Digital health apps are not only for the young

One of the outcomes from the COVID pandemic is the fast-tracked adoption of technology to care for and triage patients through the healthcare system. But still, questions remain about the role of age in identifying patients who can benefit from these new ways of delivering patient care.

Telehealth and digital health platform usage surged as traditional models of care were either restricted or abruptly ceased to minimise the risk of exposure to COVID-19. Cardiac rehabilitation services across Australia were among those that were significantly disrupted, resulting in many clinics seeking to introduce remote models of care, frequently including digital solutions such as the Cardihab platform.

Cardiac rehabilitation is recommended for any patient who has an acute cardiac event, generally the result of cardiovascular disease (CVD). While not exclusively a condition for people over the age of 45, the vast majority of Australians with CVD fall into the age groups of 65-74 (30% of CVD patients) and 75+ (32.5%). Therefore, chronic CVD and cardiac rehabilitation patients might not be the first clinical population thought of as suitable users of digital health apps.

However, recent data from 200 patients enrolled in Cardihab's digital cardiac rehabilitation program suggests that age might not be as clear cut a factor when deciding who to prescribe digital health programs. Data from our real-world experience has shown that 59% of our patient users are aged over 60, with those aged between 70 and 80 representing the largest patient group (31% of users).

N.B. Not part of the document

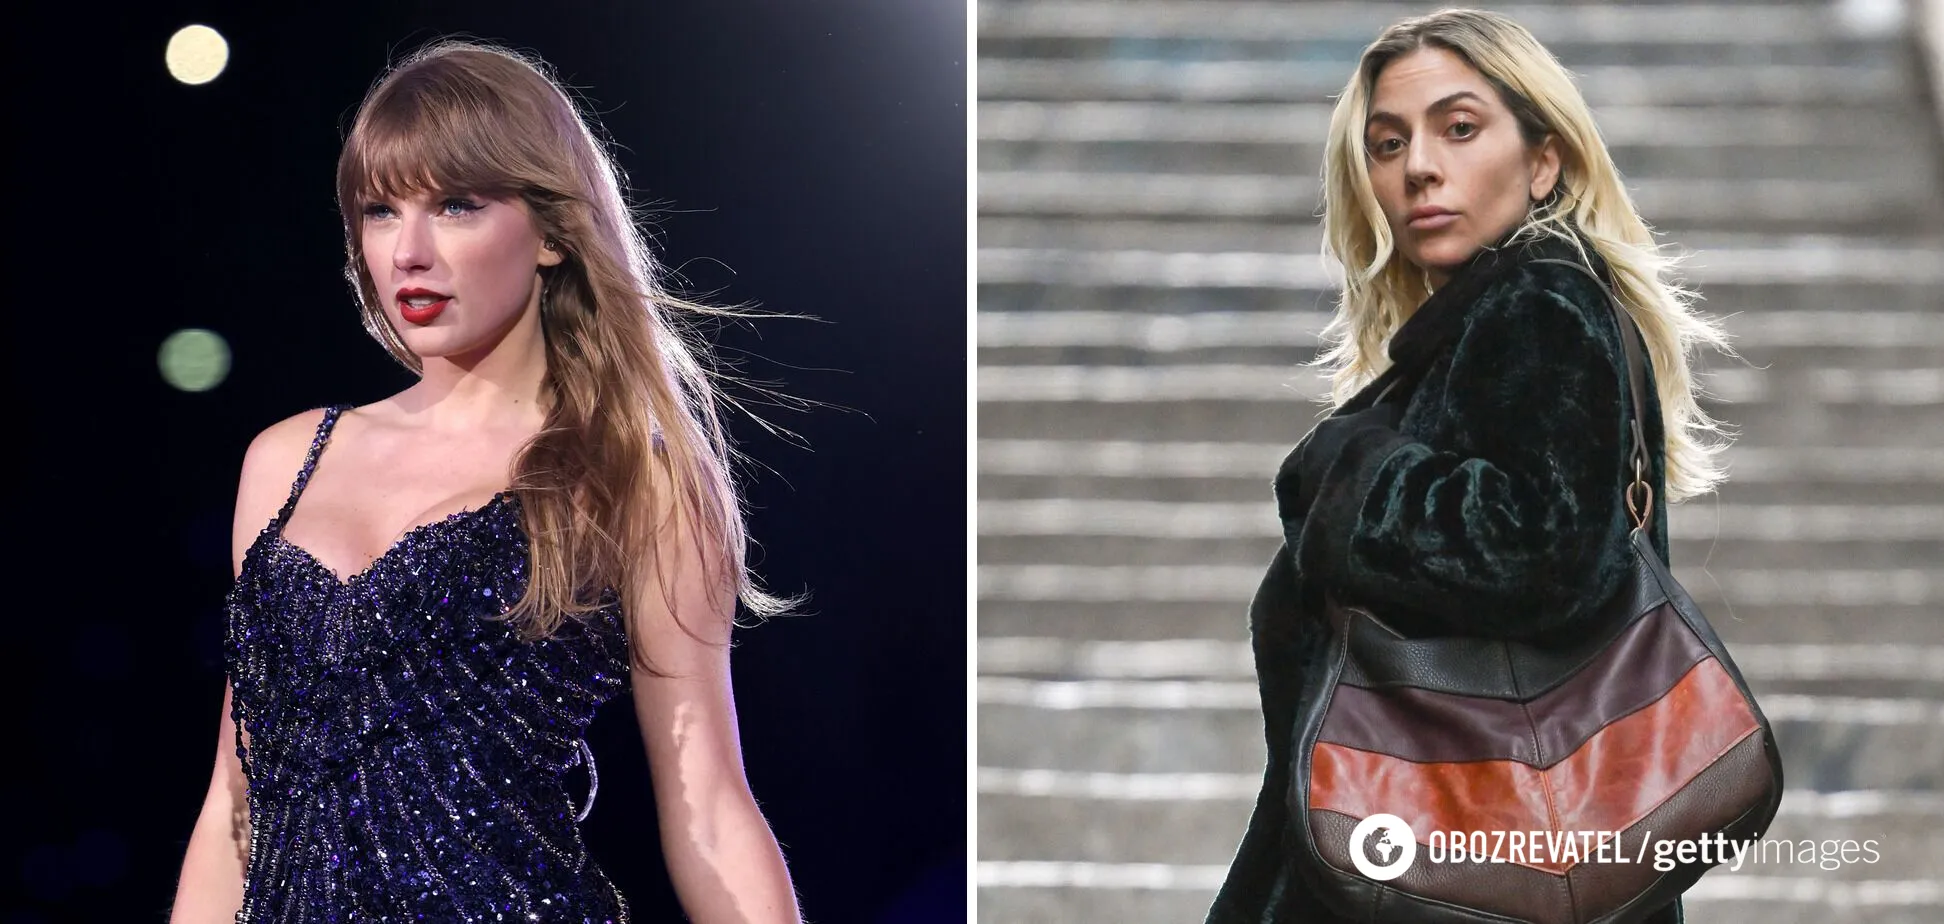 ''It is invasive and irresponsible to comment on a woman's body'': Taylor Swift publicly supported Lady Gaga, whom the media suspected of being pregnant

In the Cardihab context, a patient is referred and enrolled in a digital cardiac rehabilitation program by a Healthcare professional (HCP). Their prescribed program is delivered via the Cardihab app and supervised throughout the course of their program by a qualified HCP. While it is feasible that user age in our sample is influenced by the demographics of the HCP’s patient population, this is an important insight into the potential user age differences that might be observed between a prescribed and clinically guided digital health app like Cardihab vs a freely available consumer self-help app.

What is becoming clearer as the collective evidence grows, is that technology access and literacy are important pre-requisites for using digital health platforms. In particular, technology literacy is an important factor for determining which patients would be suitable for digital health apps. From our experience, these 3 simple questions provide adequate insight into a person's tech literacy to enable a decision as to whether to prescribe digital health app to a patient or not.

  • Do they have a smart phone? Yes/No
  • Do they currently use apps for general living? Yes/No
  • If so how often?
    • Daily
    • Weekly
    • Monthly
    • Rarely
    • Never

Patients that use apps at least weekly are likely to have the aptitude to use digital health apps efficiently and effectively. We therefore encourage HCPs to consider asking these simple tech literacy questions before ruling someone out of a digital health app.

 

While there is still much to learn about the use of digital health apps in the management of chronic cardiovascular disease, we are encouraged by our observations on the age of patients enrolled in our digital program. We look forward to contributing further insight as our real-world experience grows and as digital health apps take their place as an important option for chronic disease management.